Create the continuous-time SISO transfer function:

`$h\left(s\right)=\frac{-2s}{\left(s-1+j\right)\left(s-1-j\right)\left(s-2\right)}$`

Create h(s) as a `zpk` object using:

```h = zpk(0, [1-i 1+i 2], -2); ```

### Example 2

Specify the following one-input, two-output zero-pole-gain model:

`$H\left(z\right)=\left[\begin{array}{c}\frac{1}{z-0.3}\\ \frac{2\left(z+0.5\right)}{\left(z-0.1+j\right)\left(z-0.1-j\right)}\end{array}\right].$`

To do this, enter:

```Z = {[] ; -0.5}; P = {0.3 ; [0.1+i 0.1-i]}; K = [1 ; 2]; H = zpk(Z,P,K,-1); % unspecified sample time ```

### Example 3

Convert the transfer function

```h = tf([-10 20 0],[1 7 20 28 19 5]); ```

to zero-pole-gain form, using:

```zpk(h) ```

This command returns the result:

```Zero/pole/gain: -10 s (s-2) ---------------------- (s+1)^3 (s^2 + 4s + 5) ```

### Example 4

Create a discrete-time ZPK model from a rational expression in the variable `z`.

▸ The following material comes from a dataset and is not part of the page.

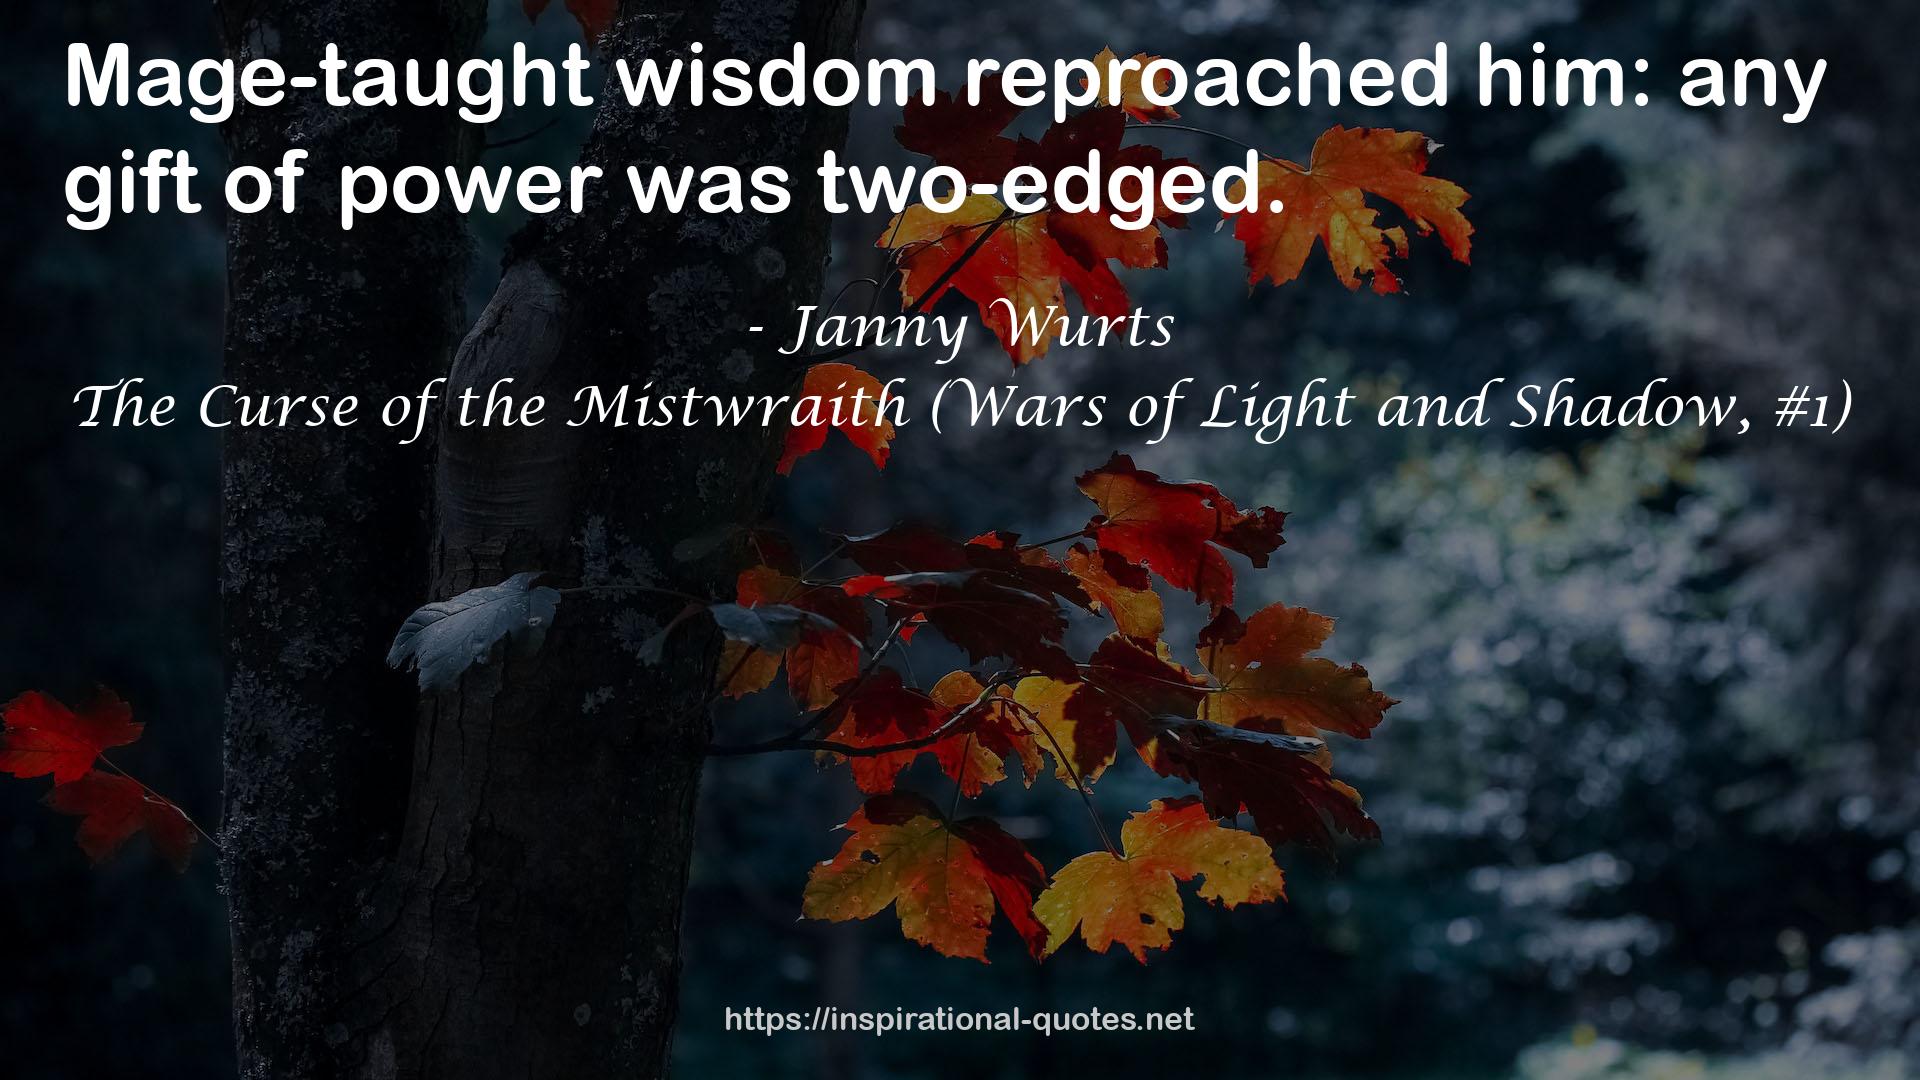 The Curse of the Mistwraith (Wars of Light and Shadow, #1) QUOTES

```z = zpk('z',0.1); H = (z+.1)*(z+.2)/(z^2+.6*z+.09) ```

This command returns the following result:

```Zero/pole/gain: (z+0.1) (z+0.2) --------------- (z+0.3)^2 Sample time: 0.1 ```

### Example 5

Create a MIMO `zpk` model using cell arrays of zeros and poles.

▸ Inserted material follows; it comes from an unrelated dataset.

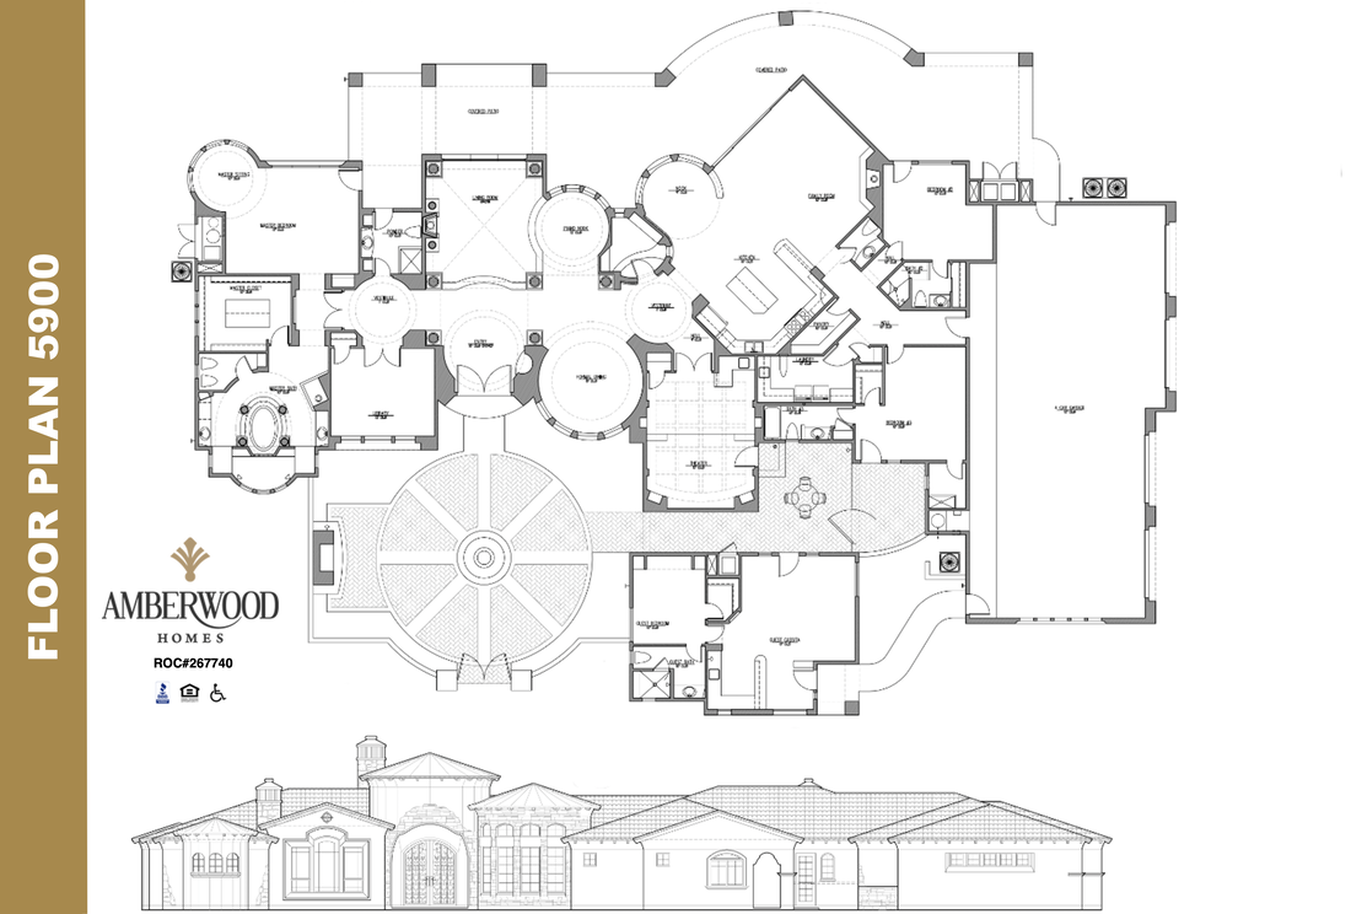 Amber with Holmes floorplans and Designs, by Billy Johnson

Create the two-input, two-output zero-pole-gain model

`$H\left(s\right)=\left[\begin{array}{cc}\frac{-1}{s}& \frac{3\left(s+5\right)}{{\left(s+1\right)}^{2}}\\ \frac{2\left({s}^{2}-2s+2\right)}{\left(s-1\right)\left(s-2\right)\left(s-3\right)}& 0\end{array}\right]$`

by entering:

```Z = {[],-5;[1-i 1+i] []}; P = {0,[-1 -1];[1 2 3],[]}; K = [-1 3;2 0]; H = zpk(Z,P,K); ```

Use `[]` as a place holder in `Z` or `P` when the corresponding entry of H(s) has no zeros or poles.

### Example 6

Extract the measured and noise components of an identified polynomial model into two separate ZPK models. The former (measured component) can serve as a plant model while the latter can serve as a disturbance model for control system design.

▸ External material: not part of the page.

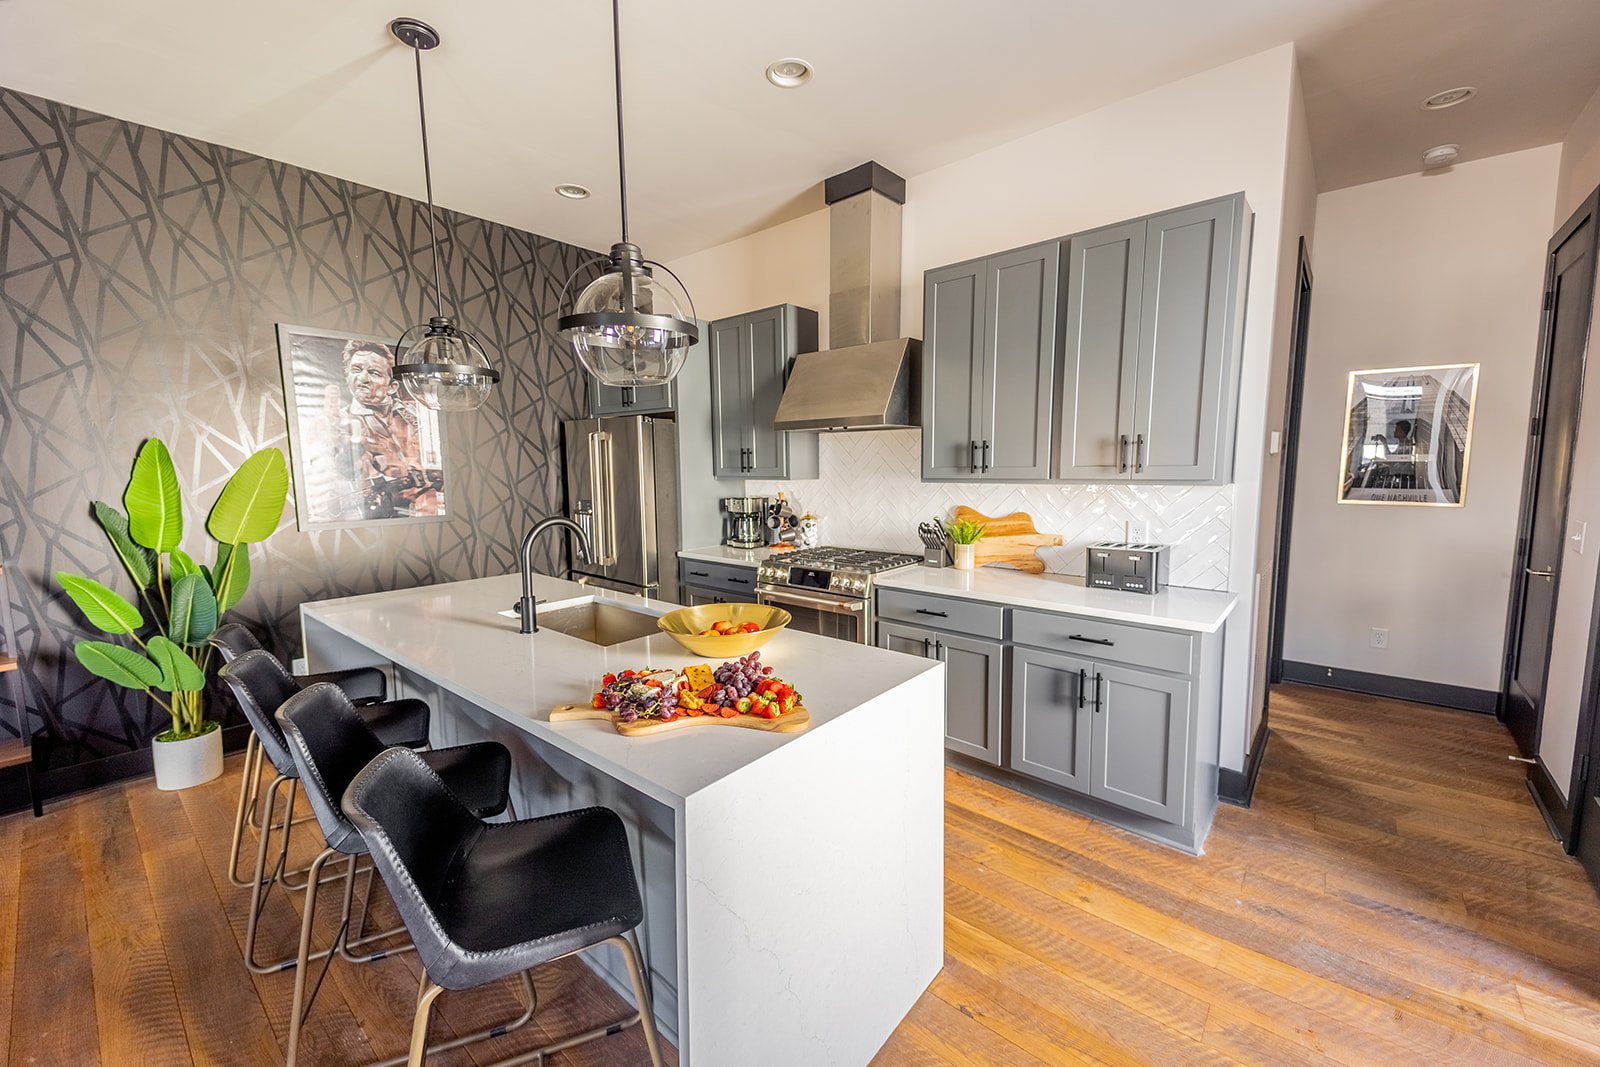 Bright open kitchen with professional stainless steel appliances and modern furnishes.

```load icEngine z = iddata(y,u,0.04); nb = 2; nf = 2; nc = 1; nd = 3; nk = 3; sys = bj(z, [nb nc nd nf nk]); ```

`sys` is a model of the form, ```y(t) = B/F u(t) + C/D e(t)```, where `B/F` represents the measured component and `C/D` the noise component.

```sysMeas = zpk(sys, 'measured') ```

Alternatively, use can simply use `zpk(sys)` to extract the measured component.

```sysNoise = zpk(sys, 'noise') ```

## Algorithms

`zpk` uses the MATLAB function `roots` to convert transfer functions and the functions `zero` and `pole` to convert state-space models.